Task details:
Copy the data that follows exactly. Include no pictures.

Supplied data:
=== Begin Enclosure ===
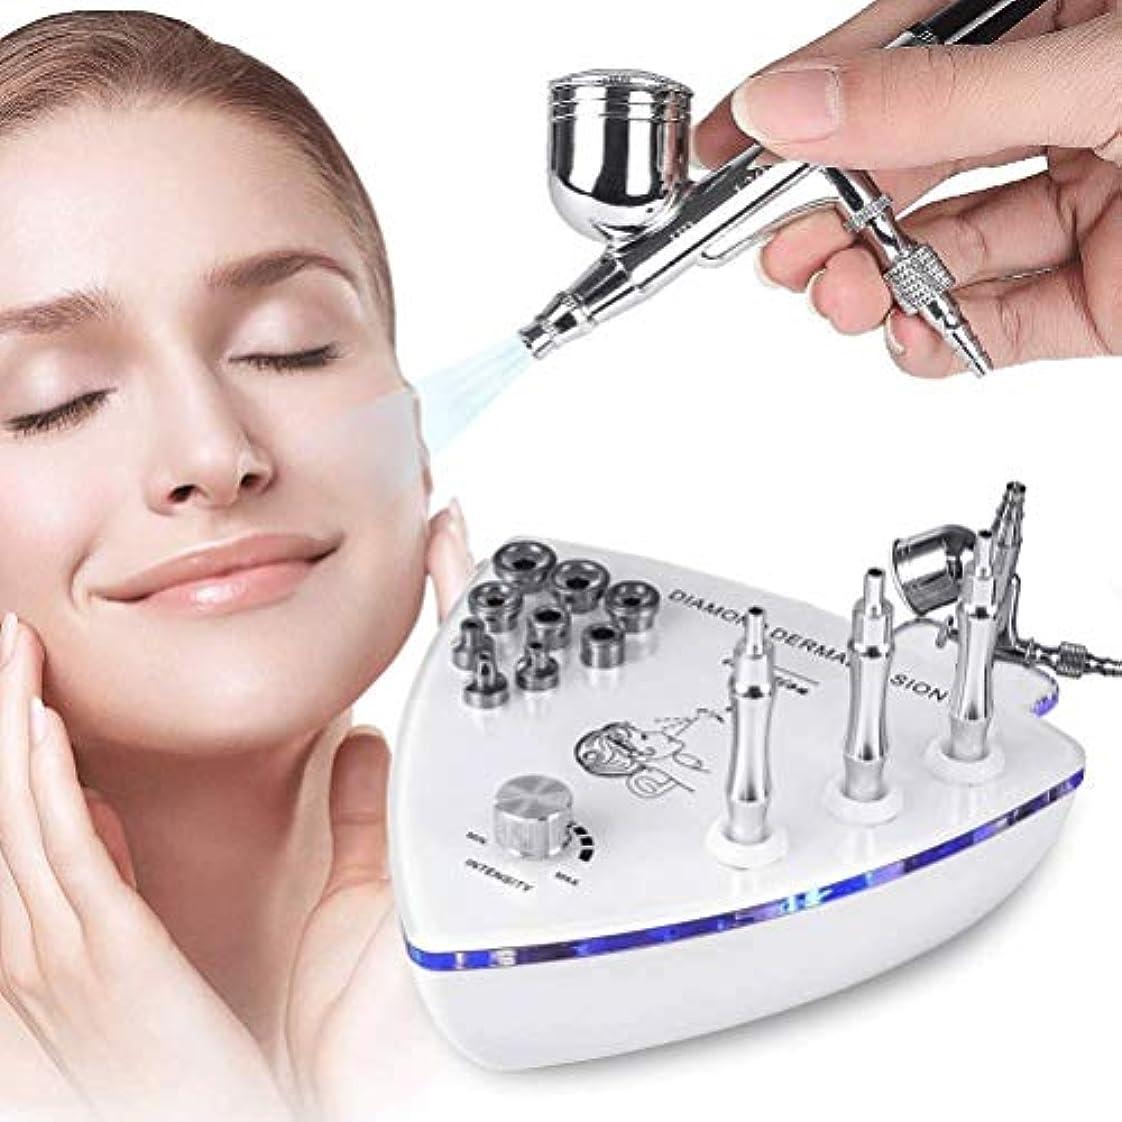 菊積極的に環境に優しい美容機器 - ダイヤモンドMicroderma - スプレーガン散水真空吸引ピーリング?フェイシャルマッサージでBrasion皮膚剥離マシン
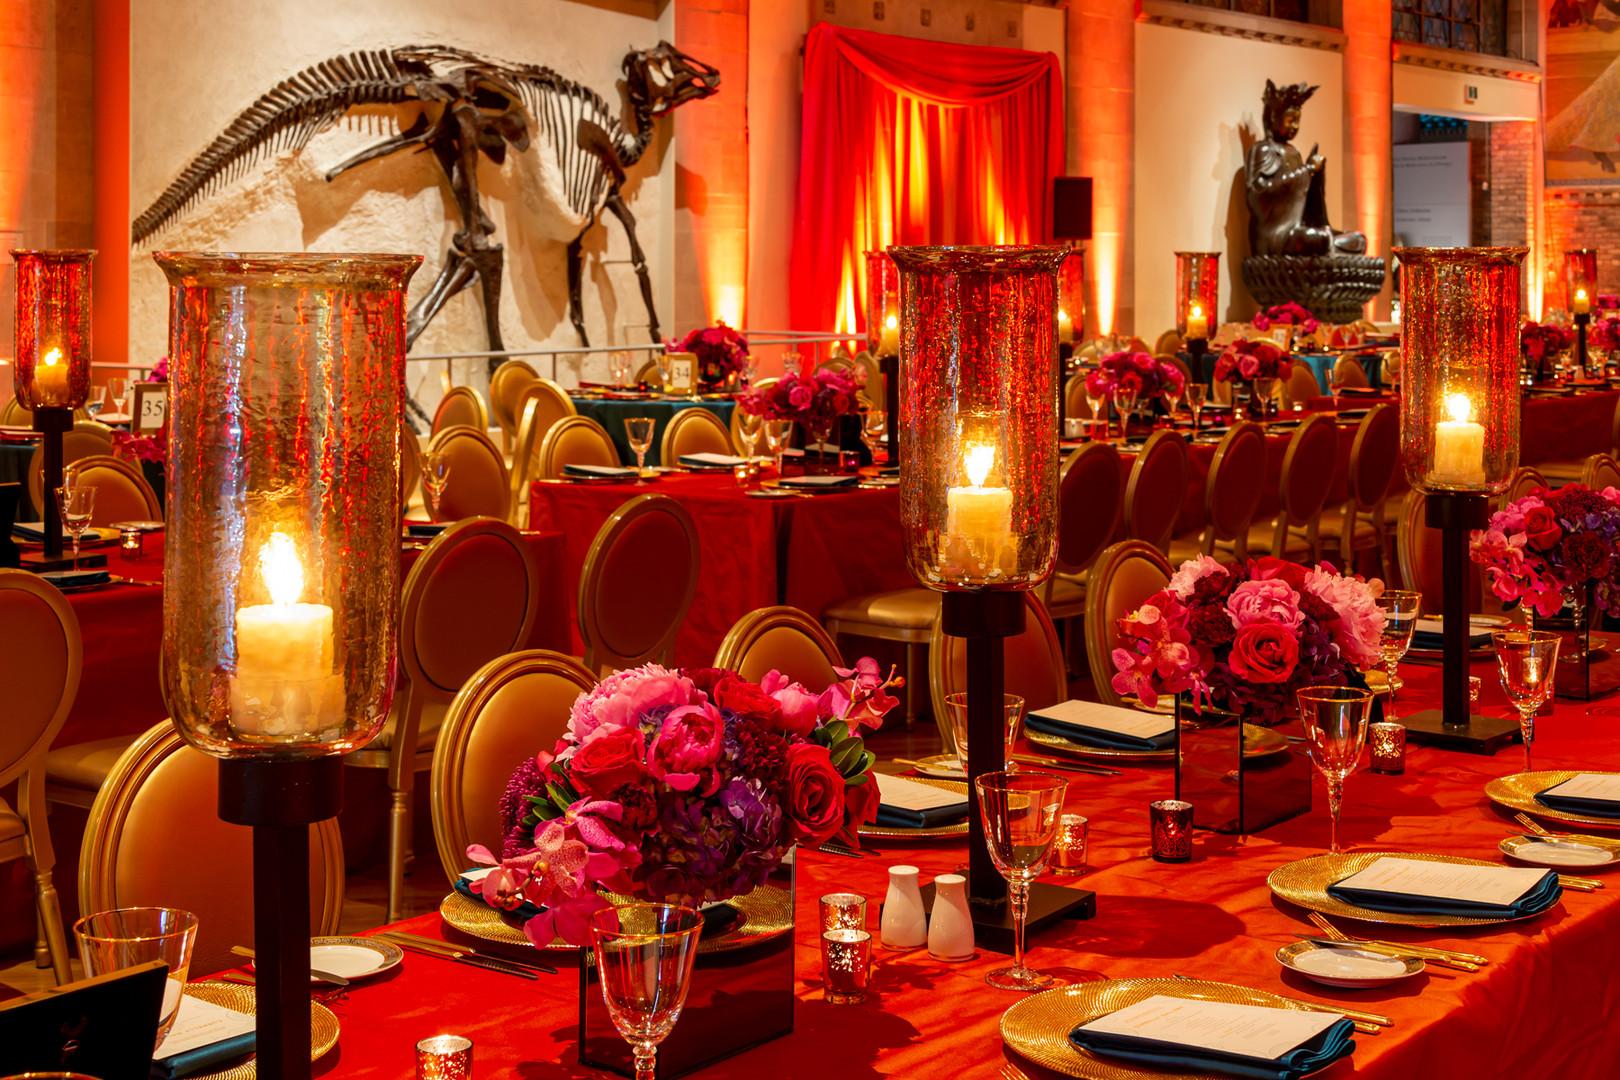 2019 Mercer Global Investment Forum Toronto Dinner
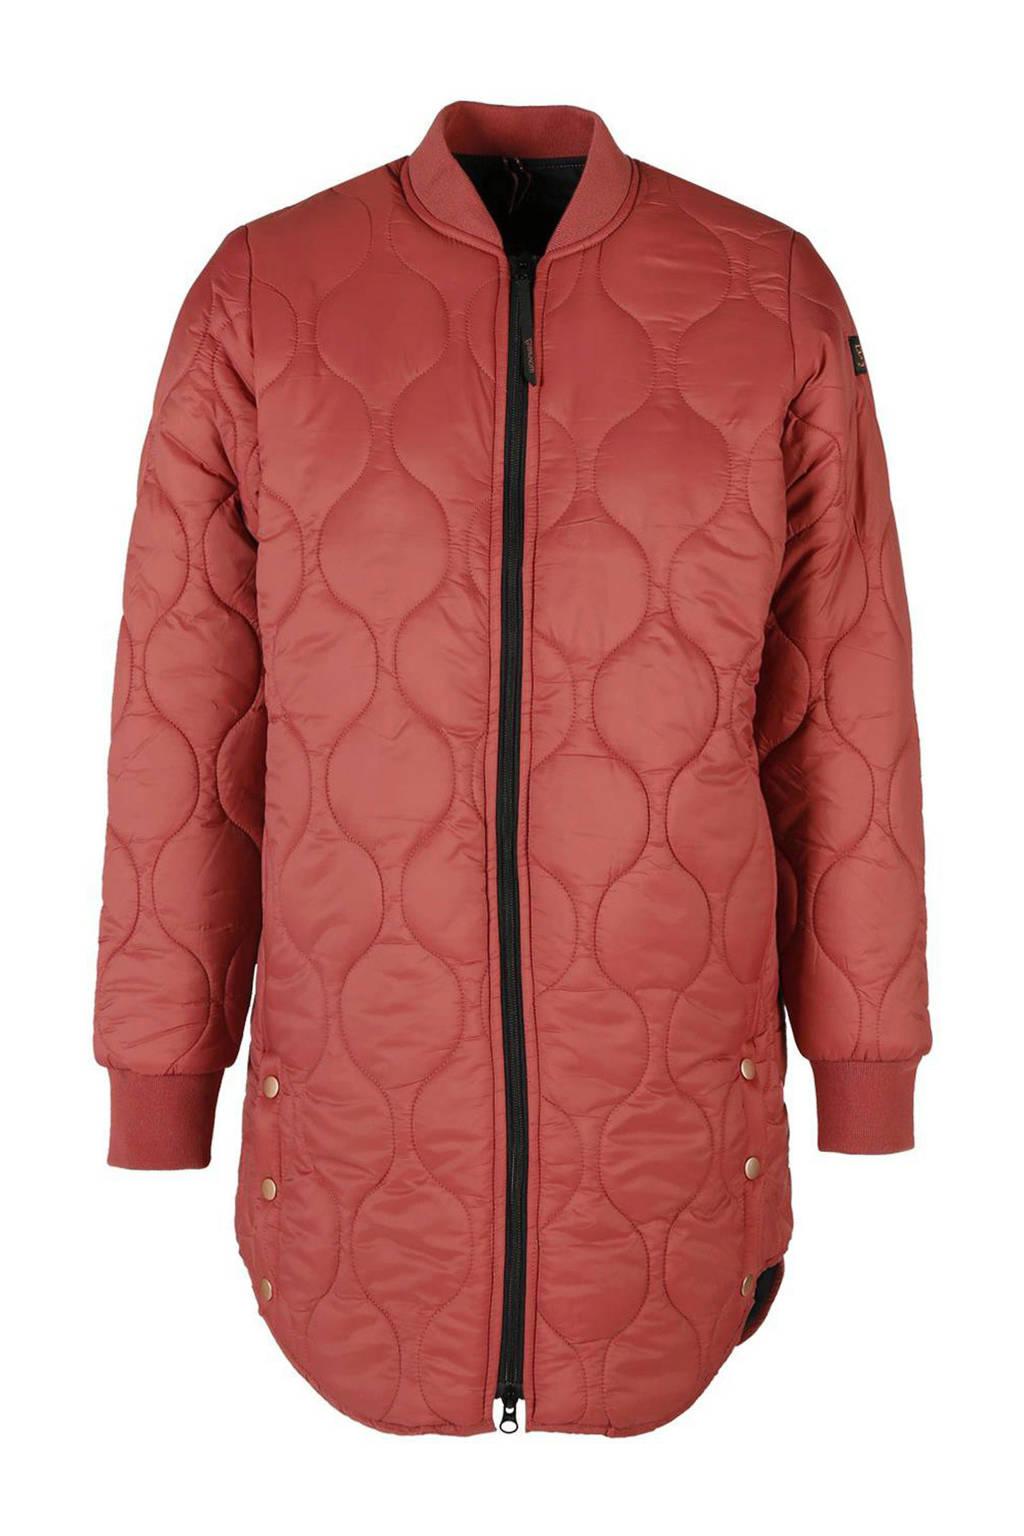 Brunotti gewatteerde jas rood, Rood
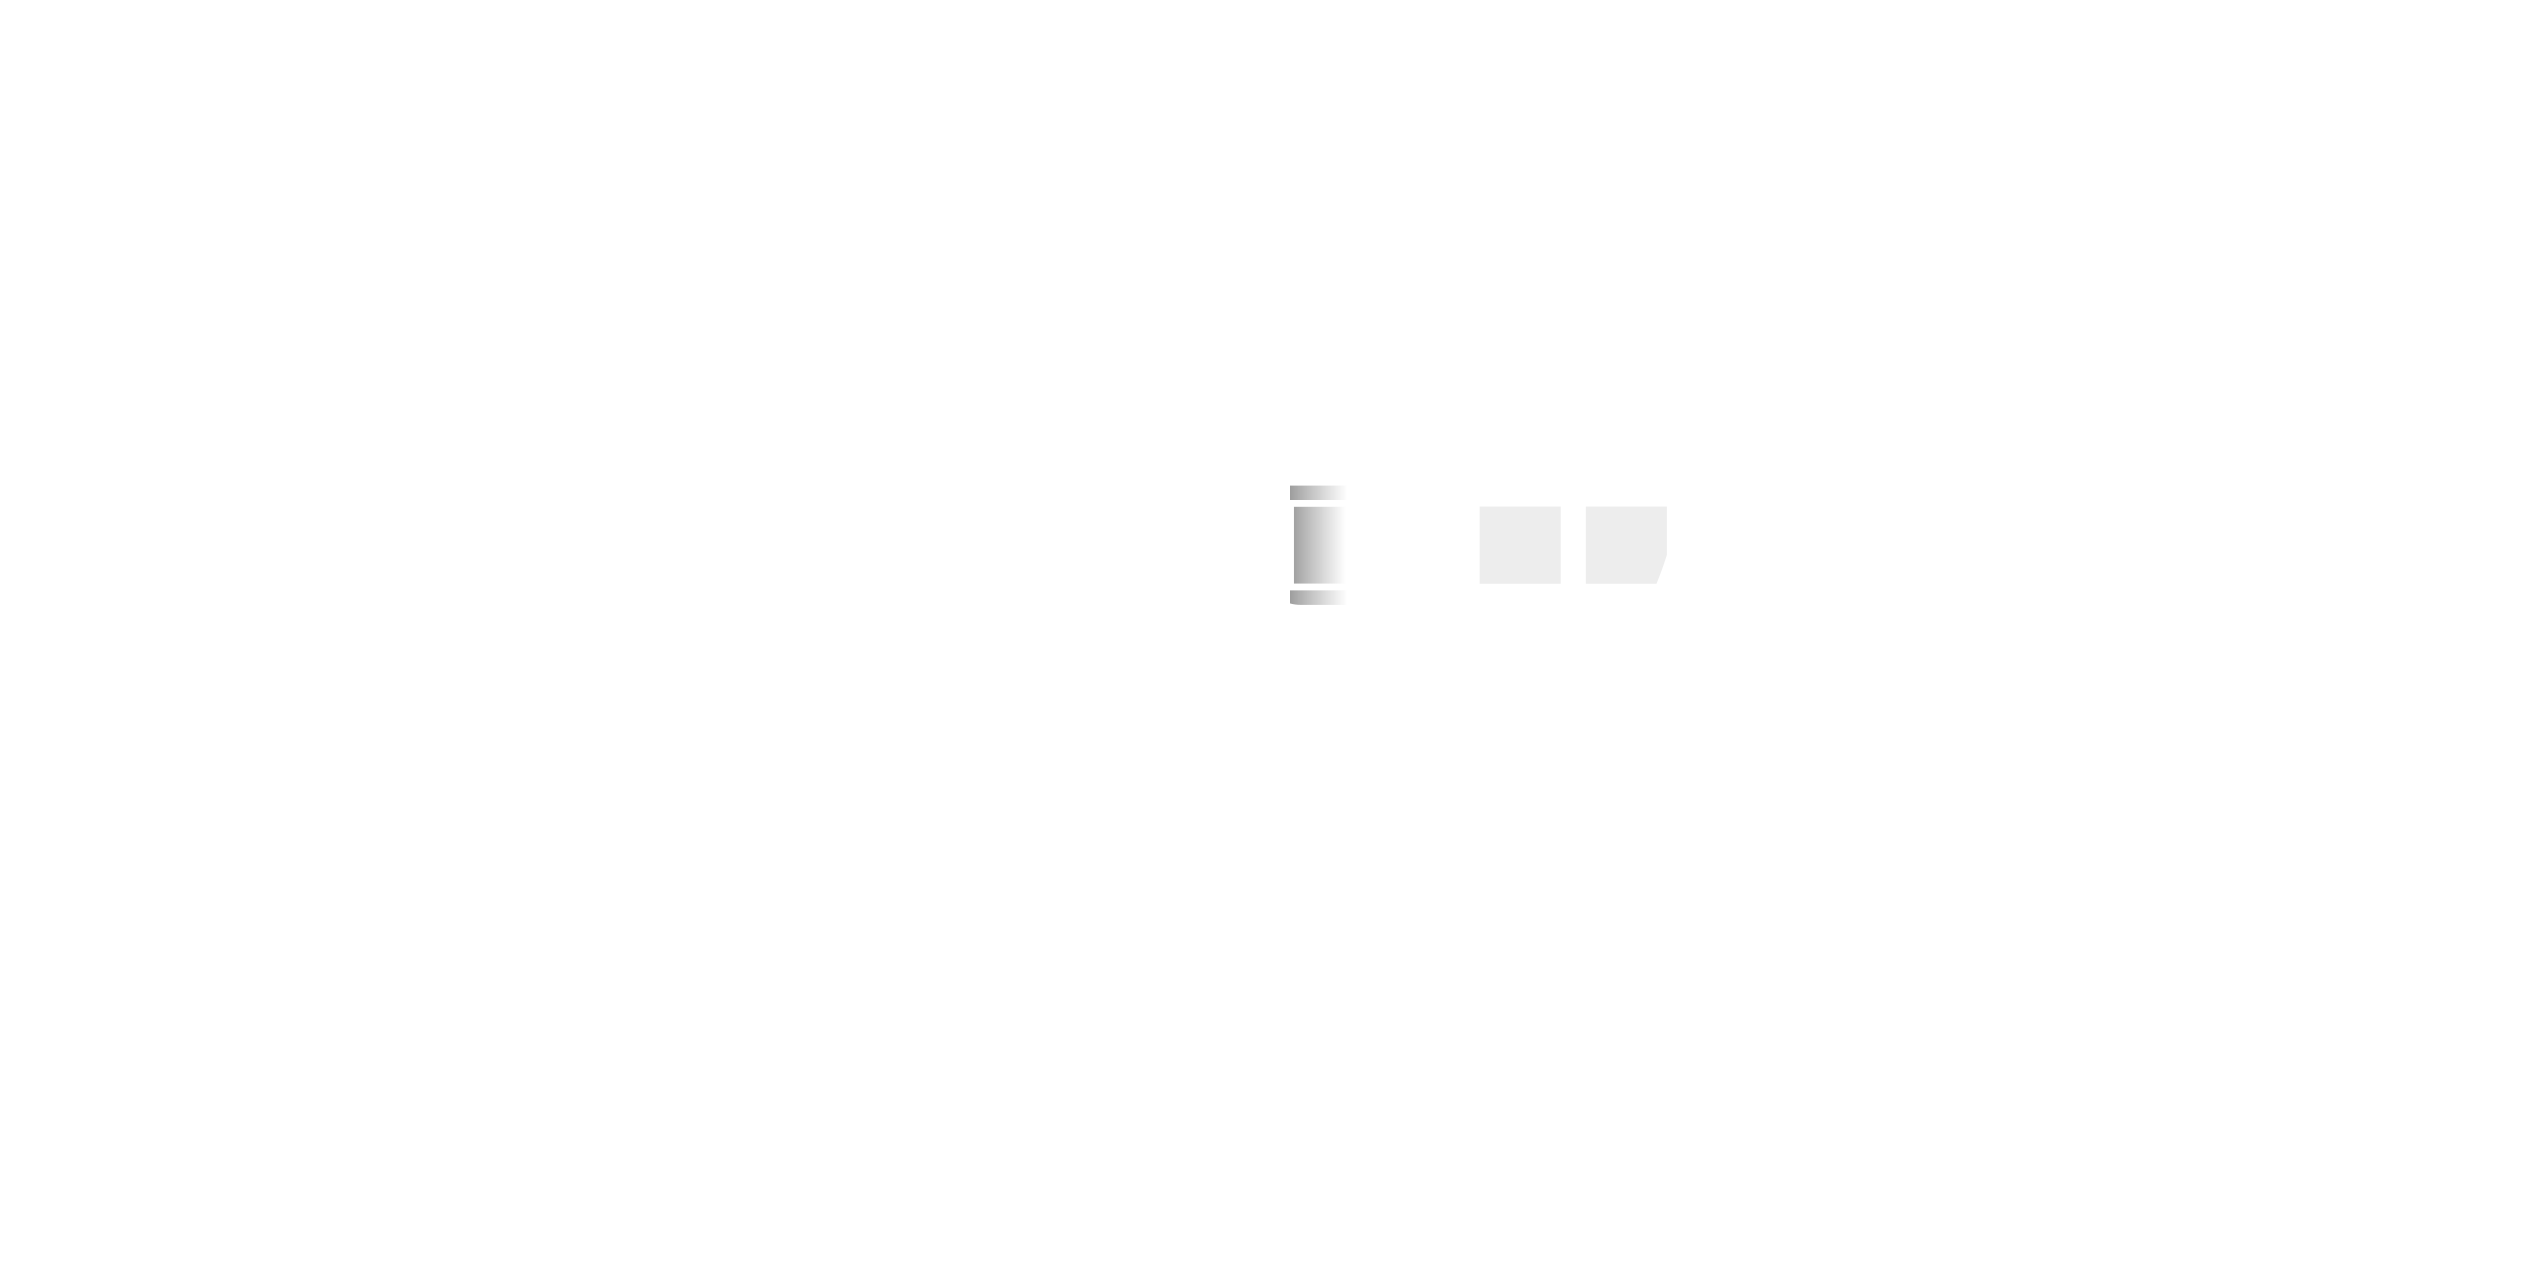 Casting da Lua
=== End Enclosure ===
Task output:
 菊積極的に環境に優しい美容機器 - ダイヤモンドMicroderma - スプレーガン散水真空吸引ピーリング?フェイシャルマッサージでBrasion皮膚剥離マシン
 2019 Mercer Global Investment Forum Toronto Dinner
 Brunotti gewatteerde jas rood, Rood
 Casting da Lua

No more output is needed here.